**Records for the task**
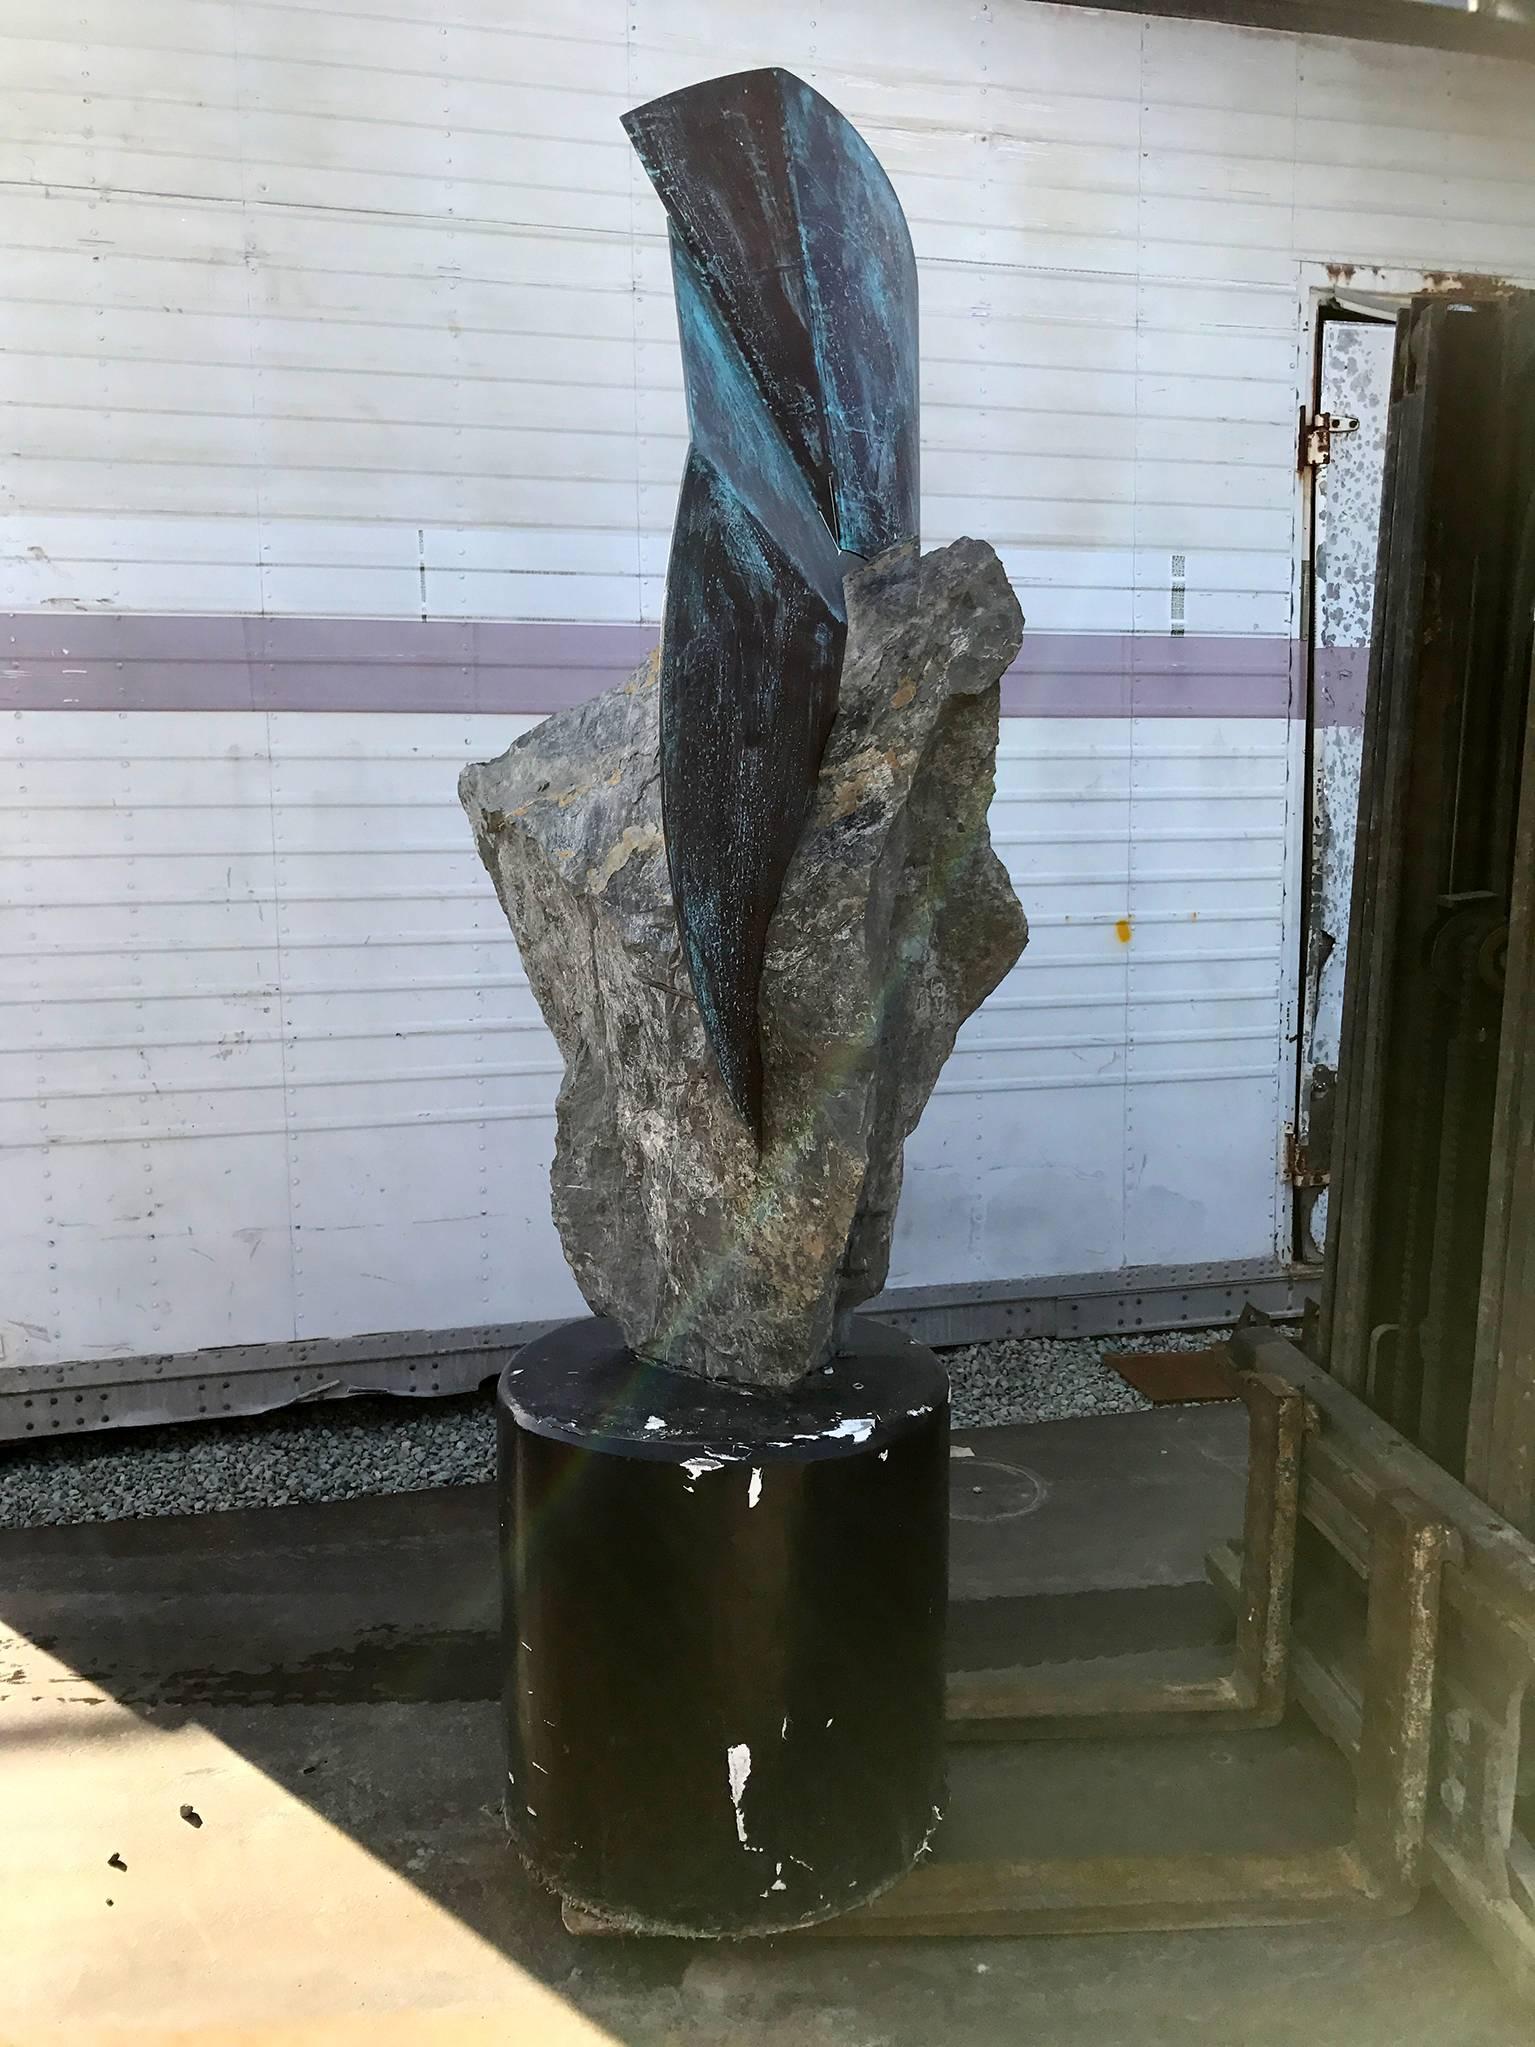 For your consideration a contemporary sculpture over 7' tall. 

Stone mounted with a cement base (painted in black) and upper section in patinated copper. 

Beautiful abstract or contemporary look. 

No information from the maker. Sculpture
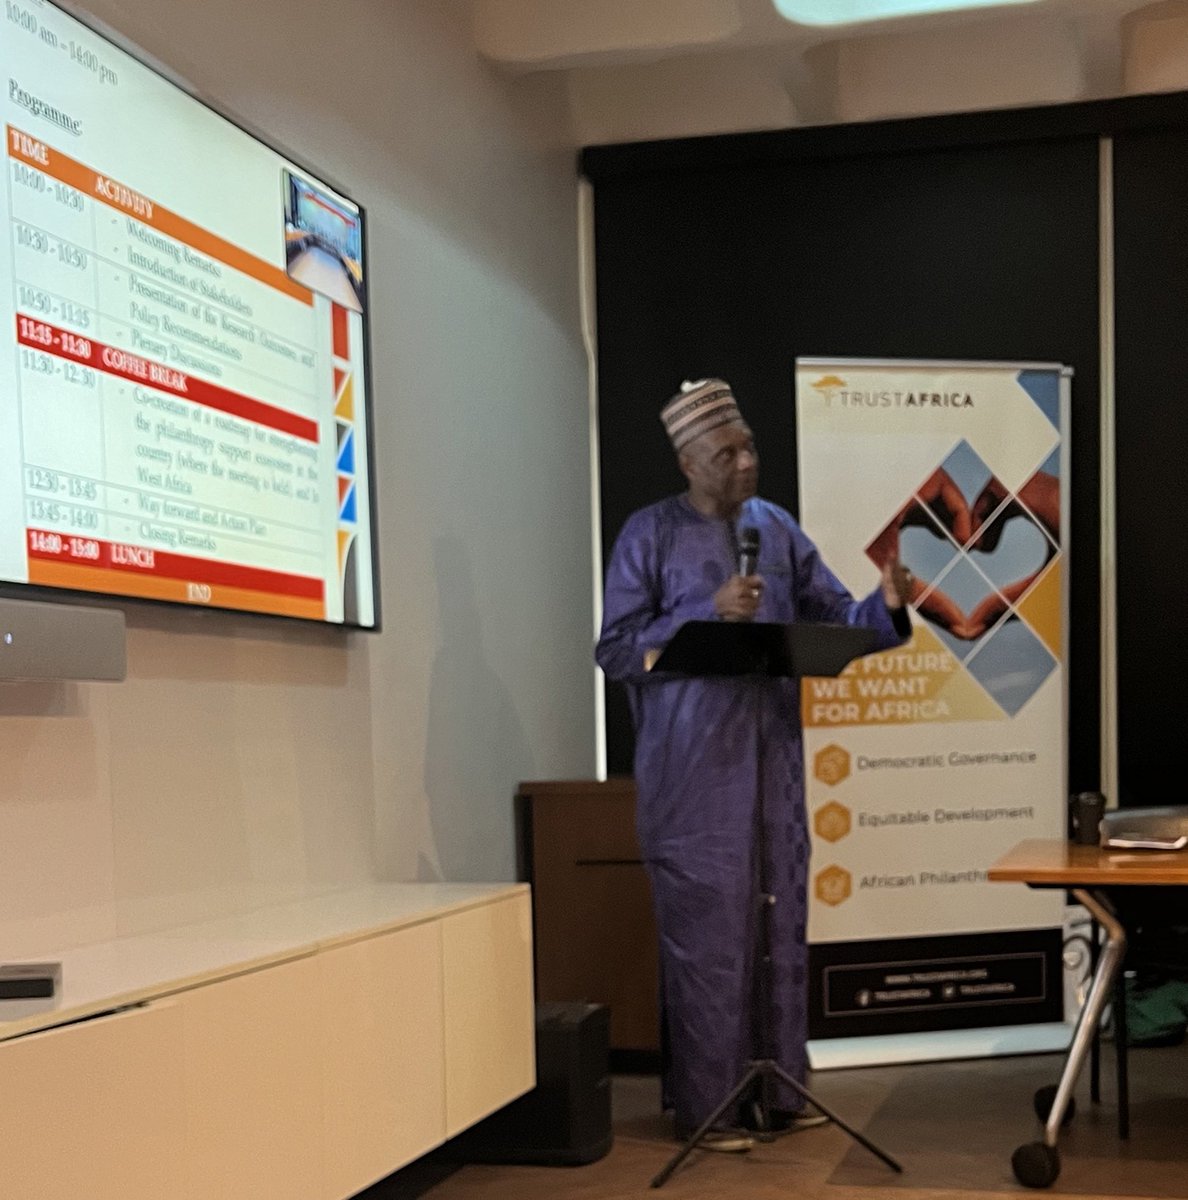 Amazing opening Remarks by Dr Ebrima Sall Executive Director of @TrustAfrica during today’s ongoing in-country meeting in Lagos, Nigeria, who addressed the issues of the philanthropy ecosystem in West Africa

**Assignment**
With the pictures removed, copy the data above word for word.

**Result for this exercise**
 For your consideration a contemporary sculpture over 7' tall. 

Stone mounted with a cement base (painted in black) and upper section in patinated copper. 

Beautiful abstract or contemporary look. 

No information from the maker. Sculpture
 Amazing opening Remarks by Dr Ebrima Sall Executive Director of @TrustAfrica during today’s ongoing in-country meeting in Lagos, Nigeria, who addressed the issues of the philanthropy ecosystem in West Africa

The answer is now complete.